Me llevó por primera vez a un evento privado de recaudación de Fuerza Popular en una casa de playa en Asia. Nadie allí sabía mi nombre real. Me vestí de beige, de silencio, de obediencia. Las mujeres hablaban de “la amenaza comunista”, los hombres de “mantener el orden”. Aplaudí discursos que me revolvían el estómago. Me fotografiaron con candidatos que yo había insultado en Twitter años atrás. Borré todas mis redes.

—Tú encajas perfecto —me decía Julián—. Tienes presencia, educación, te ves… correcta.

Quise vomitar.

Infidelidades Silenciosas

No era tonta. Sabía que él no me era fiel. Lo descubrí por un mensaje mal cerrado en su iPad: “¿Me visitas después de la reunión con los del partido?” La mujer tenía nombre y apellido. Su padre era un excongresista.

Lo enfrenté con calma. Él se rió, me acarició la cara.

—No seas dramática. Esto no es amor de pueblo, es sociedad. —Y luego, como si eso explicara todo—: A ti te quiero distinta.

Yo también empecé a mentir con el cuerpo. Un periodista joven, anti-fujimorista como yo, me escuchó un día murmurar una crítica sutil durante un cóctel. Nos citamos “para conversar”. Terminamos enredados en sábanas prestadas, en una habitación de hostal lejos de todo lo que yo fingía ser. Él me preguntaba por qué seguía con Julián, y yo respondía que el amor era complicado. Nunca le confesé que ya no se trataba de amor, sino de miedo.

El Espejo y la Vergüenza

A veces me miro al espejo con el vestido blanco que usé en la gala del aniversario de Fuerza Popular. Me veo perfecta, impoluta, vacía. Me recuerdo marchando con mi madre años atrás, gritando “¡Nunca más dictadura!” y me doy asco.
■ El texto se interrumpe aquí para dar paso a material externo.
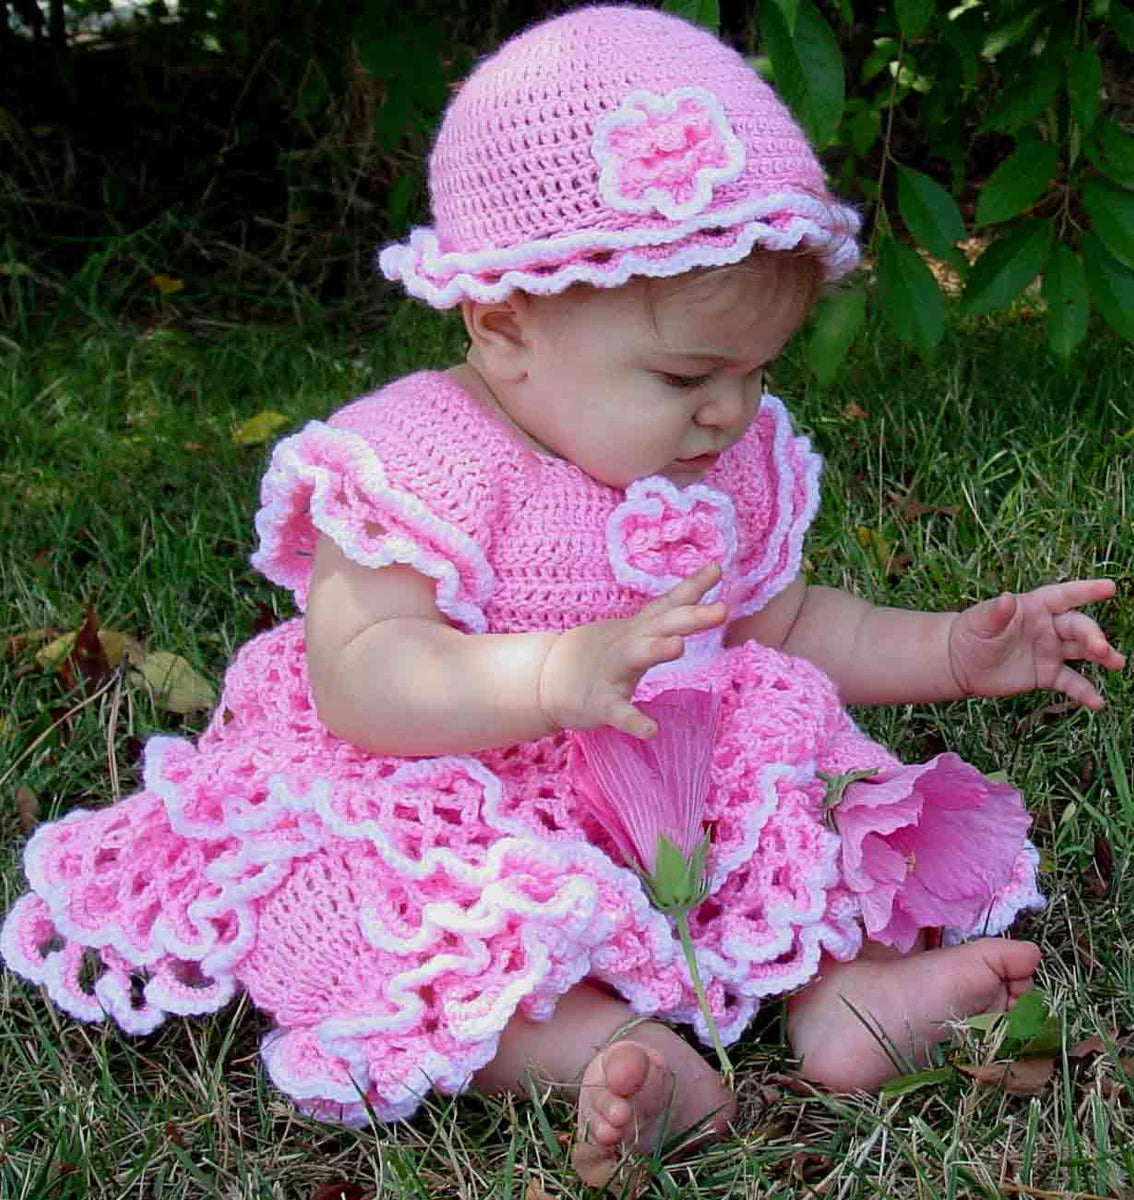 Ruffle Outfits For Babies - Photos Cantik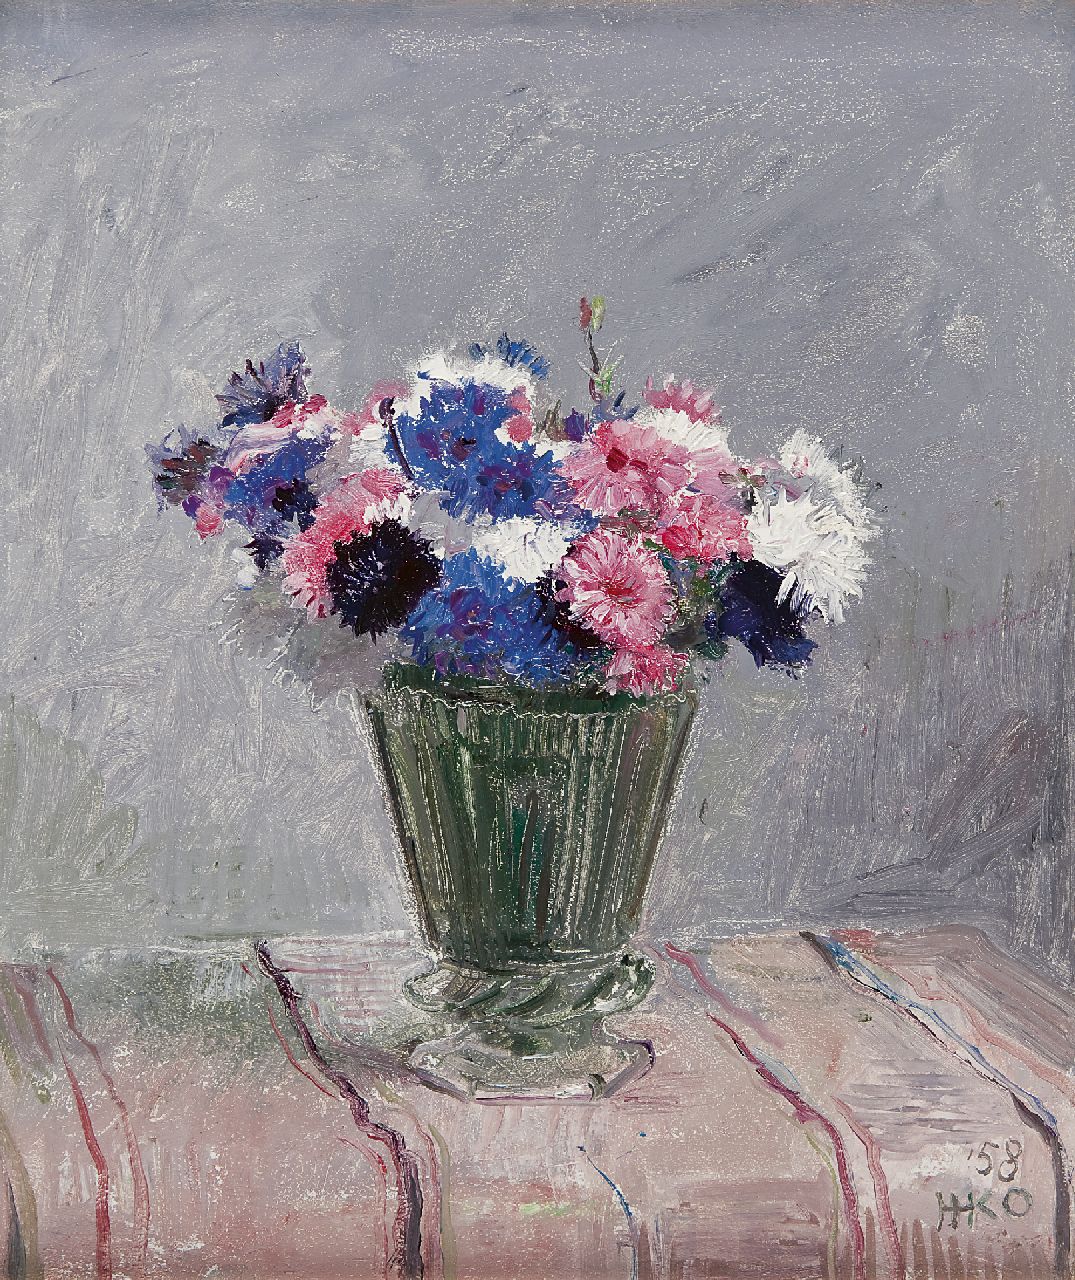 Kamerlingh Onnes H.H.  | 'Harm' Henrick Kamerlingh Onnes, Flowers in a glass vase, oil on painter's board 35.7 x 30.1 cm, signed l.r. with monogram and dated '58

Ella cree que trabajo en una ONG internacional. Le envío dinero con remitentes falsos. Me agradece llorando por teléfono. Yo solo atino a colgar antes de que escuche la voz rota que no puedo controlar.

El Precio del Silencio

Un día, en plena cena con empresarios, uno de ellos dijo que las mujeres pobres son el cáncer del país, que hay que esterilizar sin pedir permiso, “como en los buenos tiempos”. Todos rieron. Yo también. Fue un reflejo. Una máscara. Sentí que una parte de mí moría con esa risa.

Esa noche, Julián me hizo el amor como si no hubiera pasado nada. Yo lo dejé. Pensando en el periodista. Pensando en mi madre. Pensando en mí misma, en todo lo que dejé atrás por un anillo, por un apellido, por un asiento en una mesa a la que nunca quise pertenecer.

La Jaula, esta vez sin Oro

Hoy vivo en un departamento en San Borja que él puso a mi nombre. Tengo una tarjeta sin límite, un armario lleno de ropa que no elegí y un itinerario de eventos políticos que detesto. No hay más amor. Solo cálculo.

A veces pienso en huir. Pero entonces recuerdo lo que cuesta volver a empezar sin nada. Lo que duele el hambre. Lo que pesa la pobreza. Y me quedo.

La ironía más cruel es que él tampoco es libre. También me espía, también me controla, también teme que lo abandone. Es un amor basado en el chantaje mutuo, en la necesidad, en la mentira compartida.

Y así seguimos. Dos prisioneros con las llaves colgando al cuello, sin atreverse a usarlas.